Supplied information:
———

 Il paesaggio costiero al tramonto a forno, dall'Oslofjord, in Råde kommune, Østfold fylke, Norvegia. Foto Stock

———

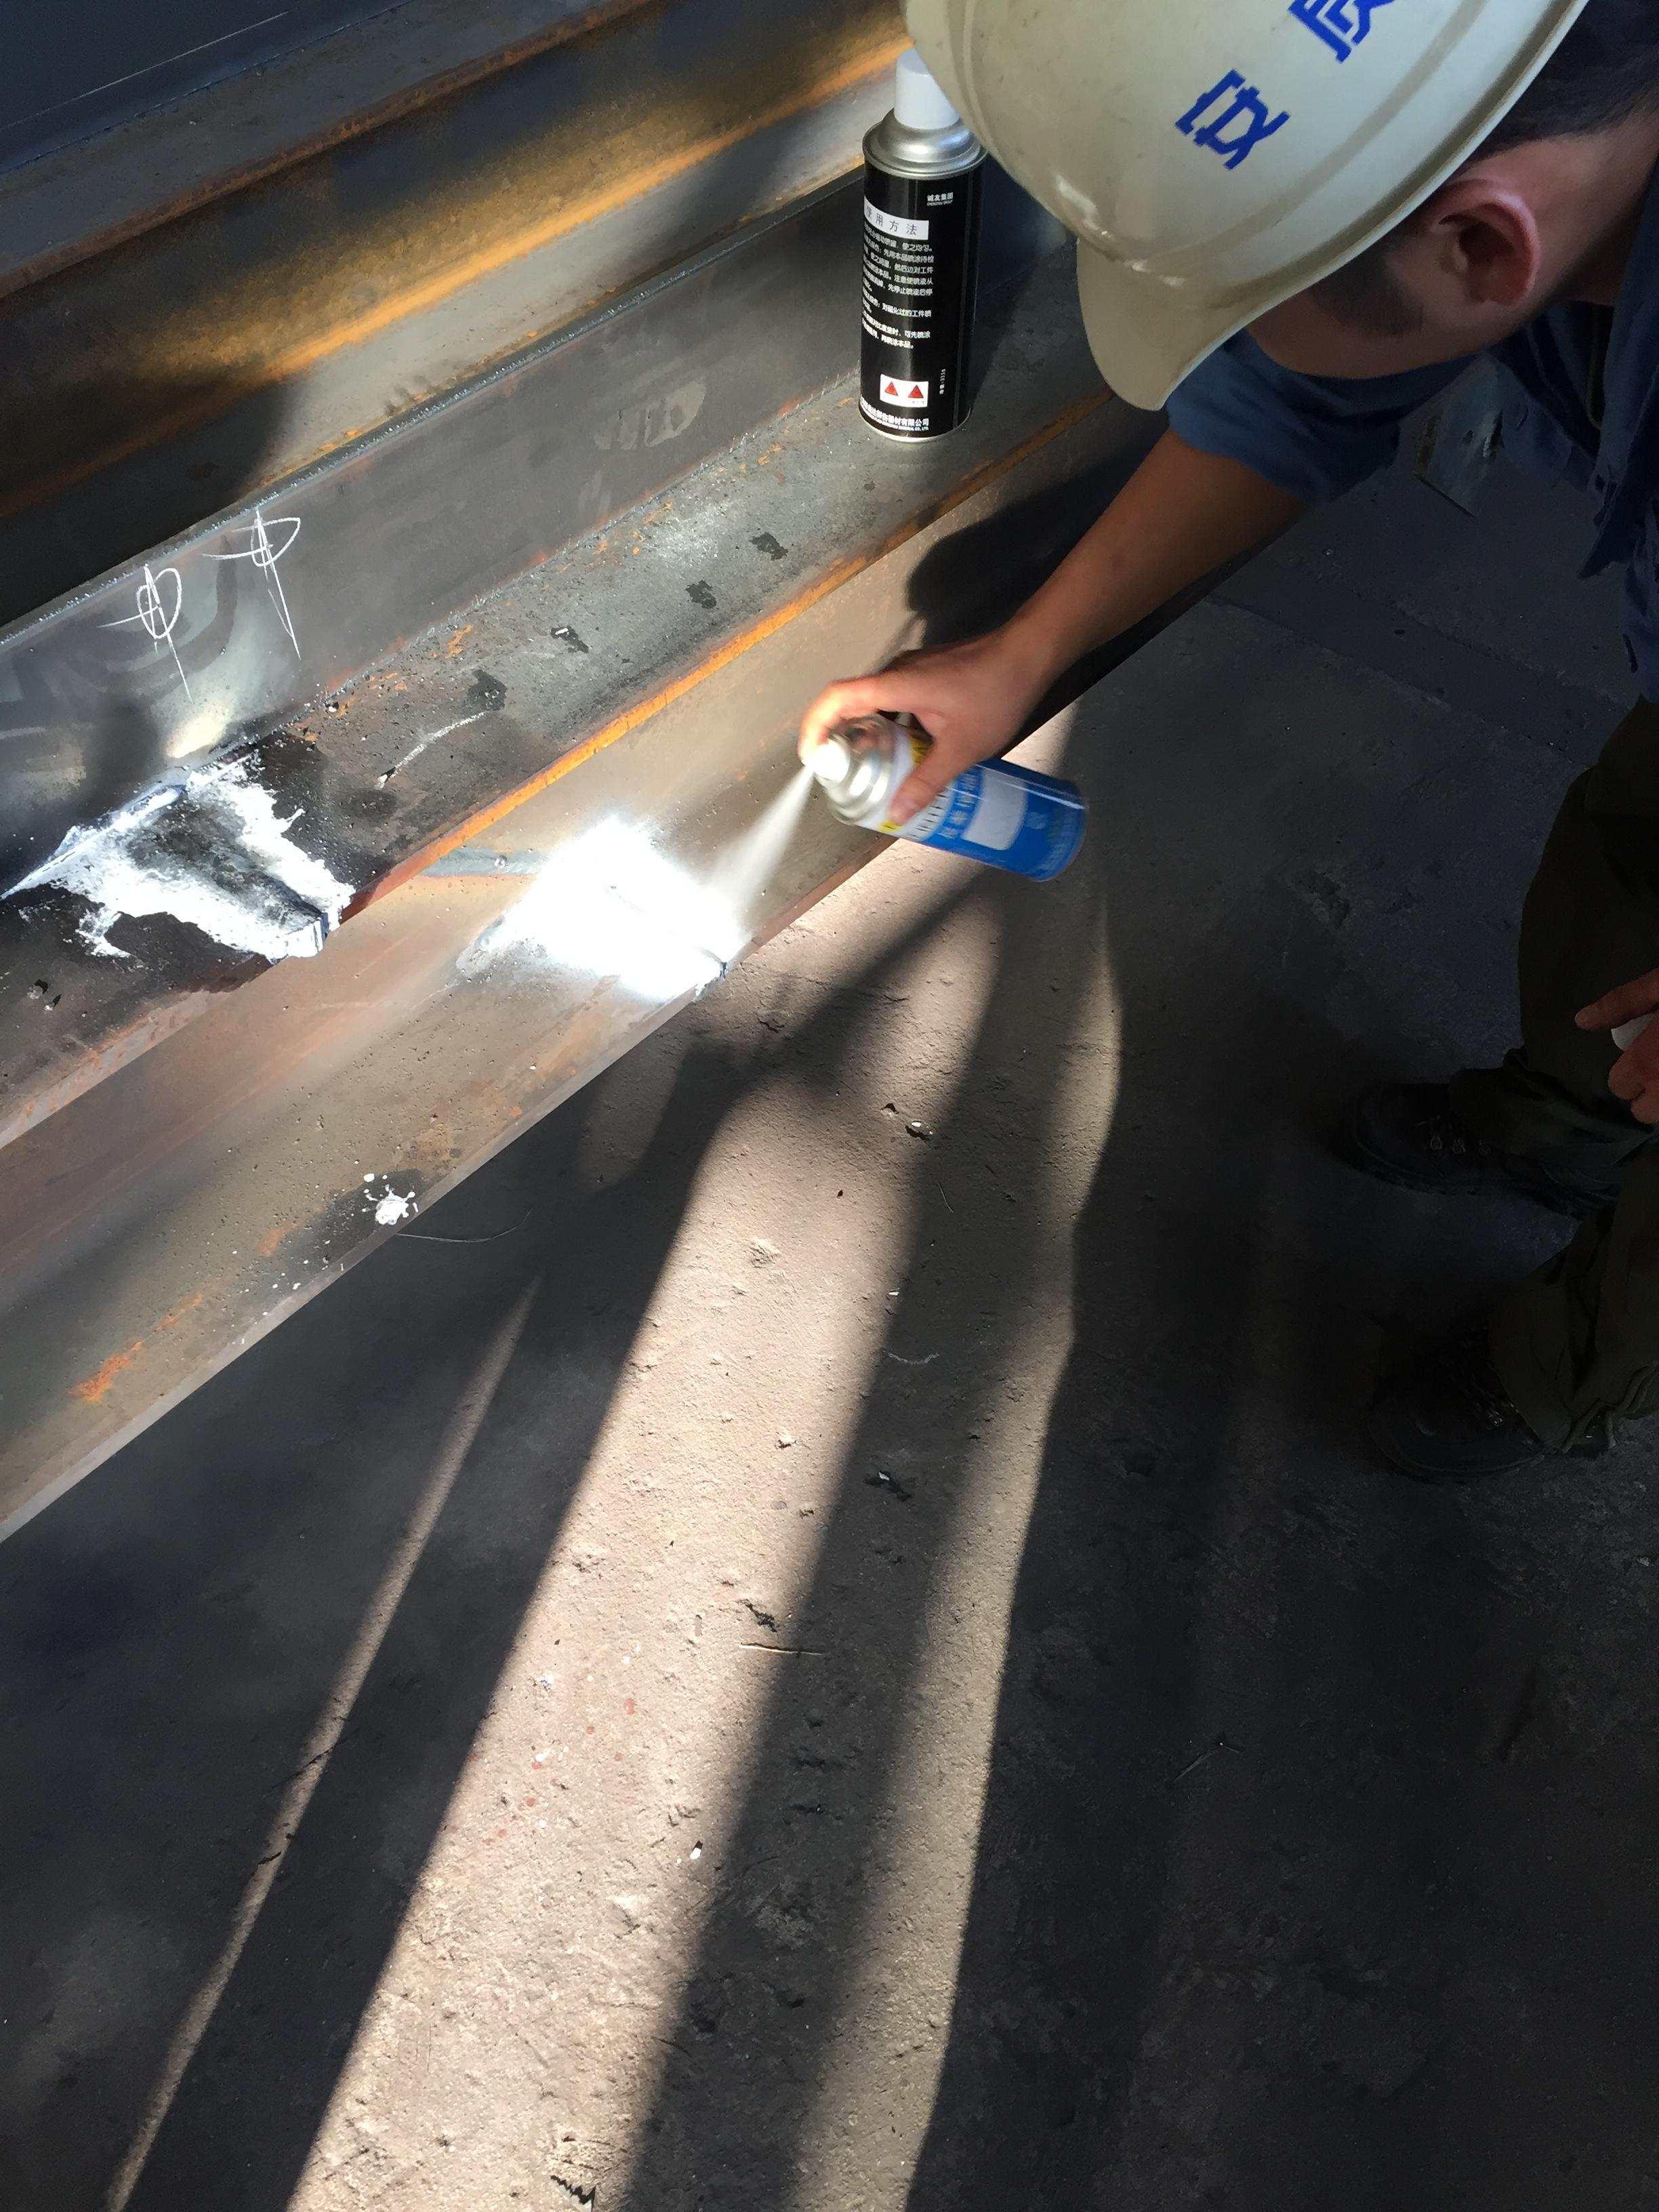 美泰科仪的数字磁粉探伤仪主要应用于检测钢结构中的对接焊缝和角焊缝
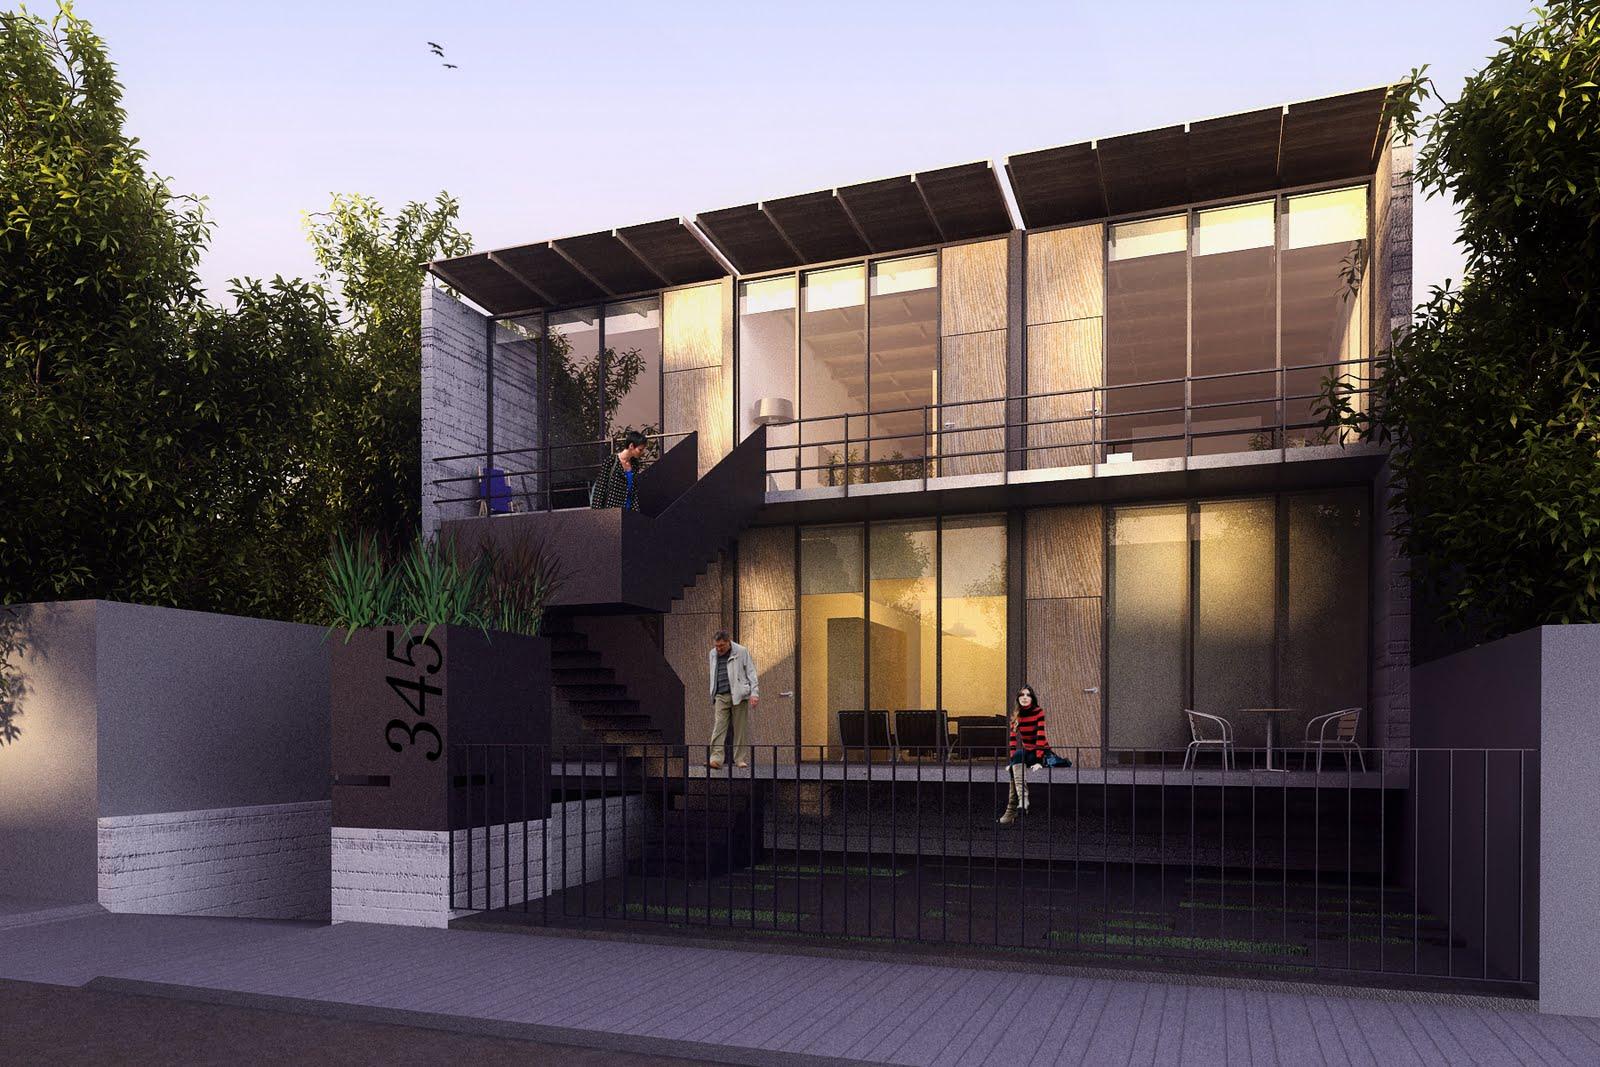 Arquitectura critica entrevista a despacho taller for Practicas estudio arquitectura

———

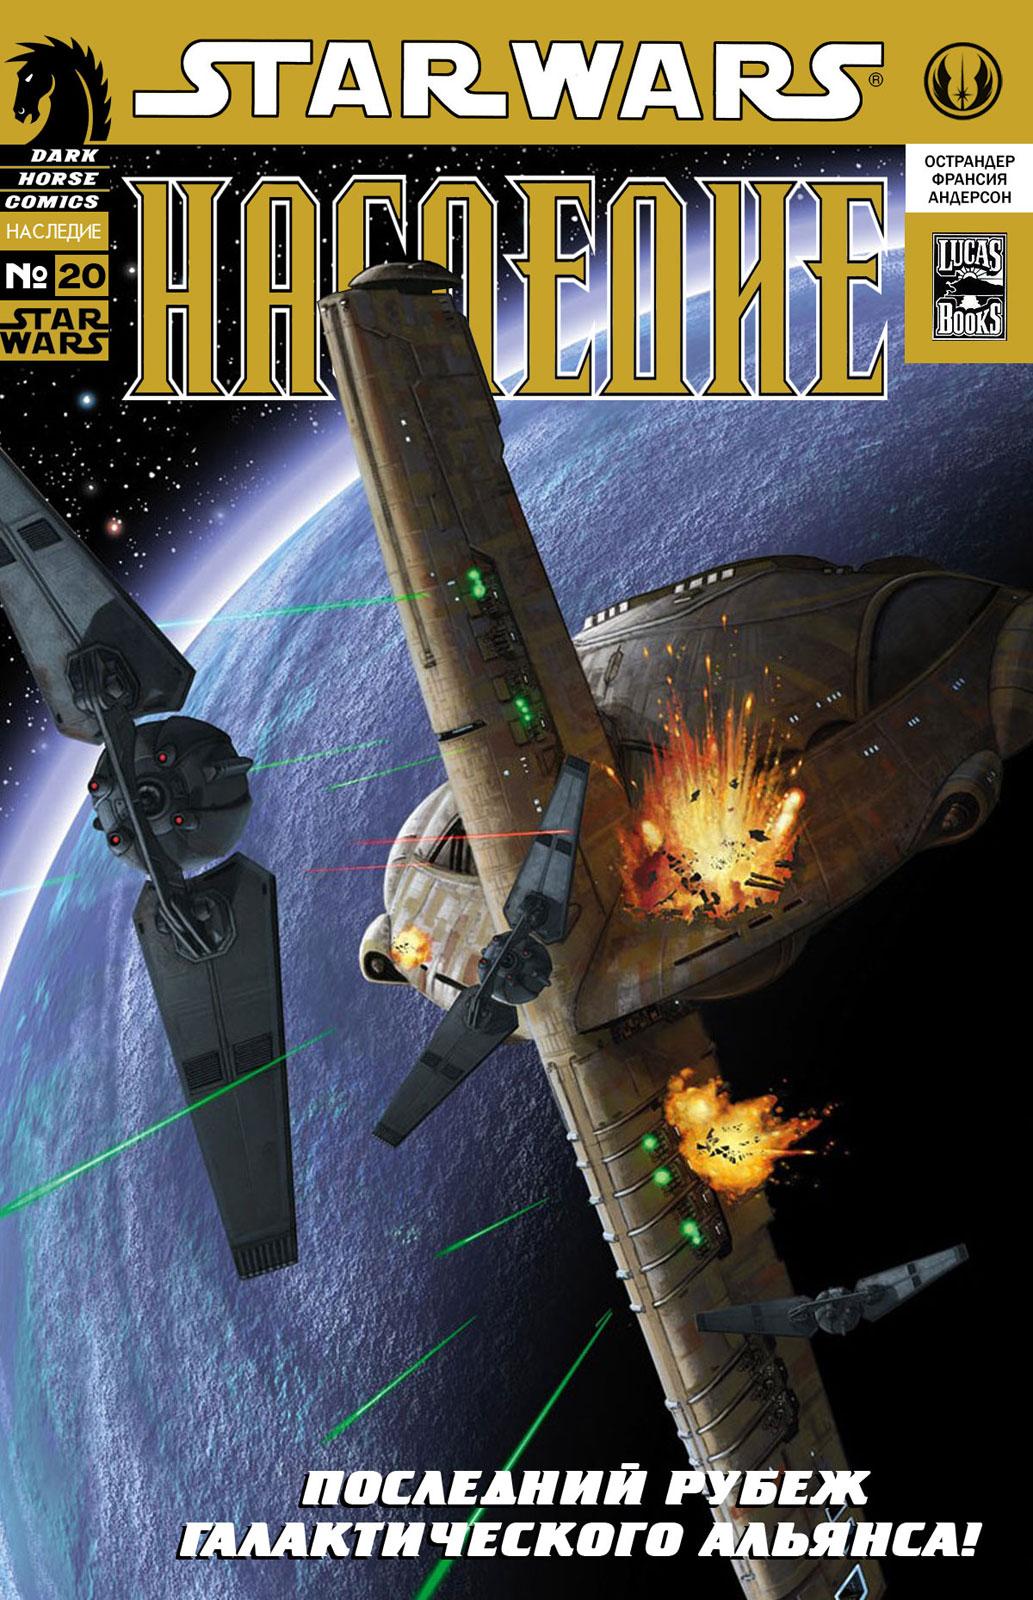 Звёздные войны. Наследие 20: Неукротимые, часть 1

———

Required action: An exact copy is needed of the entries above, starting at the line that holds "美泰科仪的数字磁粉探伤仪主要应用于检测钢结构中的对接焊缝和角焊缝" and stopping at the line that holds "Arquitectura critica entrevista", both kept; pictures stay out.

Problem solution:
 美泰科仪的数字磁粉探伤仪主要应用于检测钢结构中的对接焊缝和角焊缝
 Arquitectura critica entrevista a despacho taller for Practicas estudio arquitectura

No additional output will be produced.